** WHAT YOU WILL DO **
Output the listing below verbatim, without images.

** EXERCISE DATA **
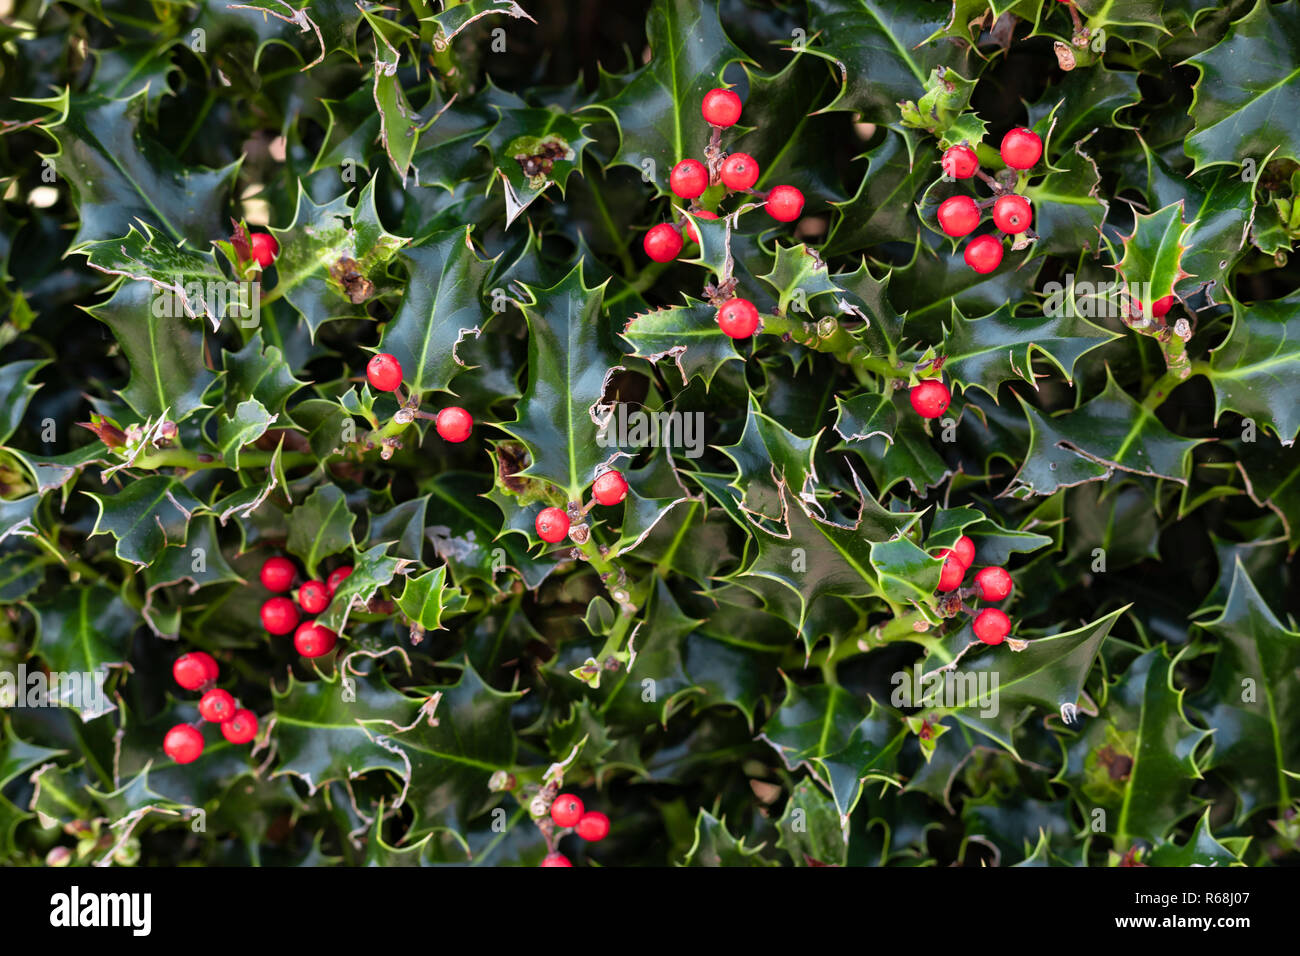 Nahaufnahme von einem Stacheligen holly grüne Pflanze mit roten Beeren, perfekt für die Verwendung als Weihnachten (Xmas) Hintergrund. Stockfoto
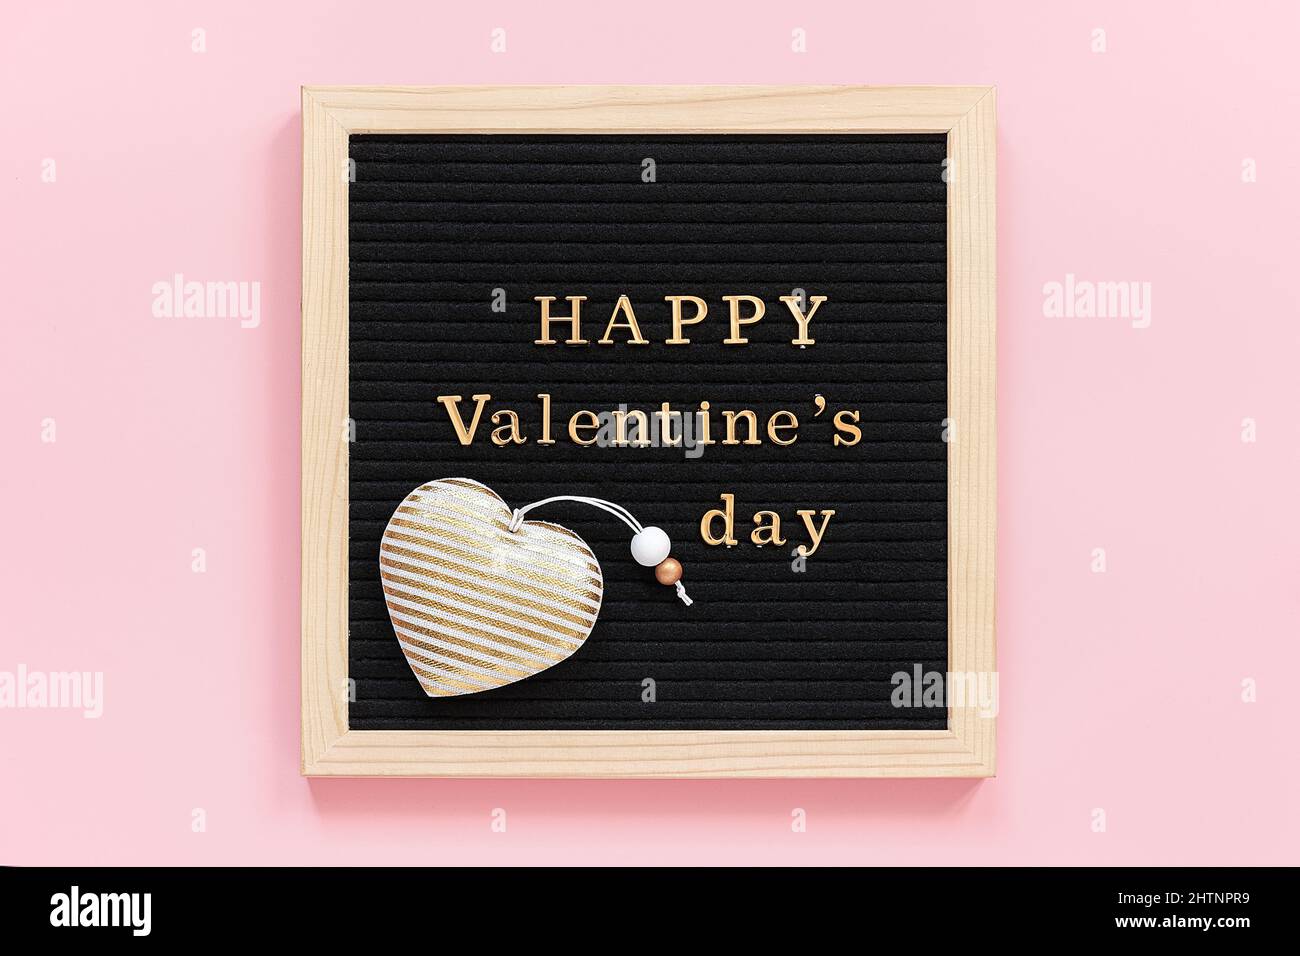 Inscription dorée Happy Valentines Day et décoration coeur textile sur carton noir, composition centrale sur fond rose. Modèle pour Valen Banque D'Images
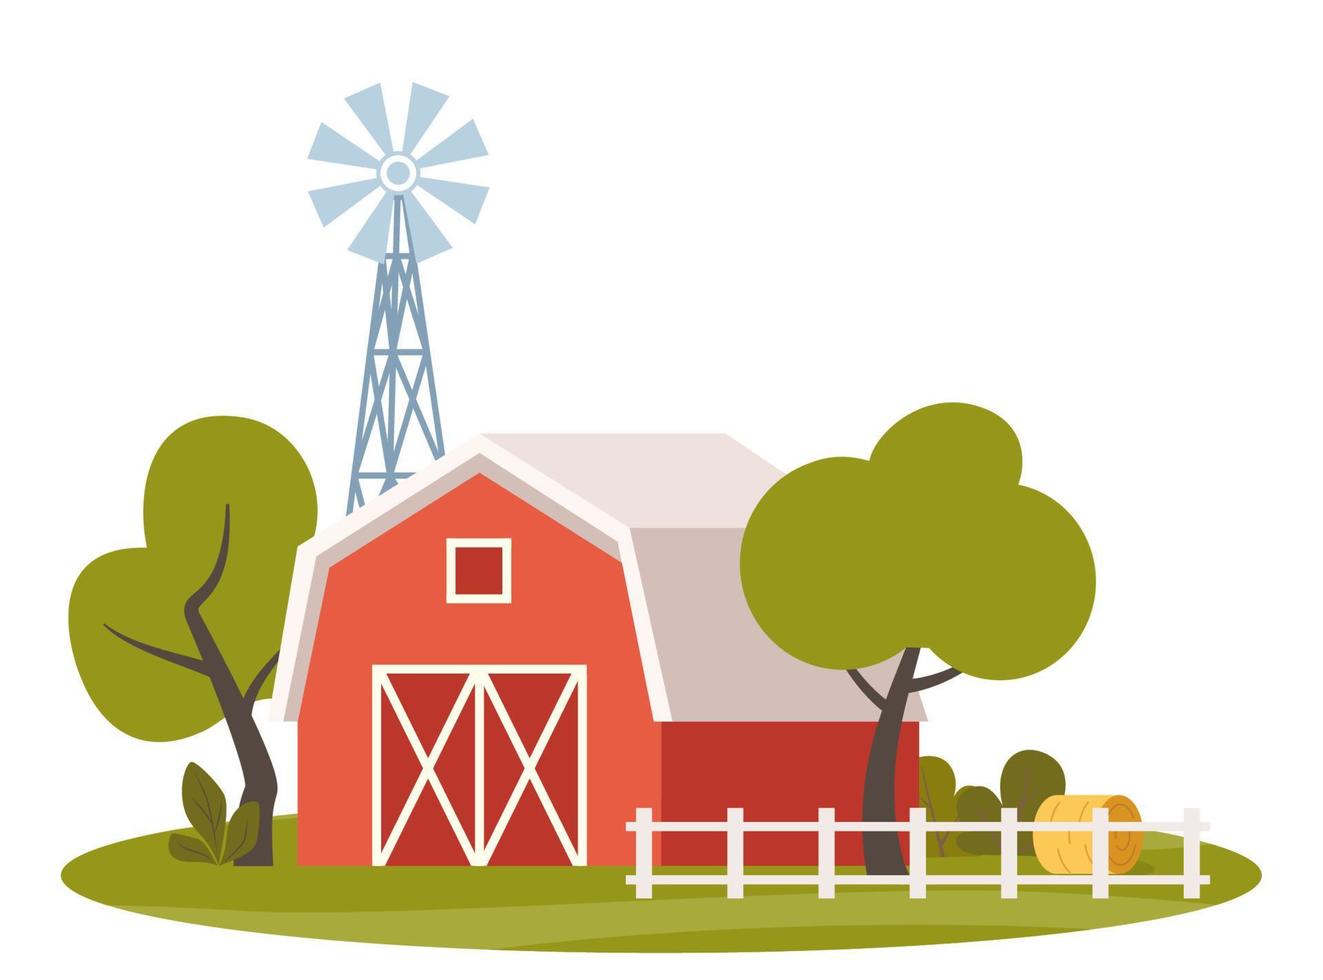 cena de fazenda com celeiro vermelho e moinho de vento, árvore, cerca, palheiro. paisagem rural. agricultura e conceito de agricultura. ilustração em vetor bonito.

** EXERCISE OUTPUT **
 Nahaufnahme von einem Stacheligen holly grüne Pflanze mit roten Beeren, perfekt für die Verwendung als Weihnachten (Xmas) Hintergrund. Stockfoto
 Inscription dorée Happy Valentines Day et décoration coeur textile sur carton noir, composition centrale sur fond rose. Modèle pour Valen Banque D'Images
 cena de fazenda com celeiro vermelho e moinho de vento, árvore, cerca, palheiro. paisagem rural. agricultura e conceito de agricultura. ilustração em vetor bonito.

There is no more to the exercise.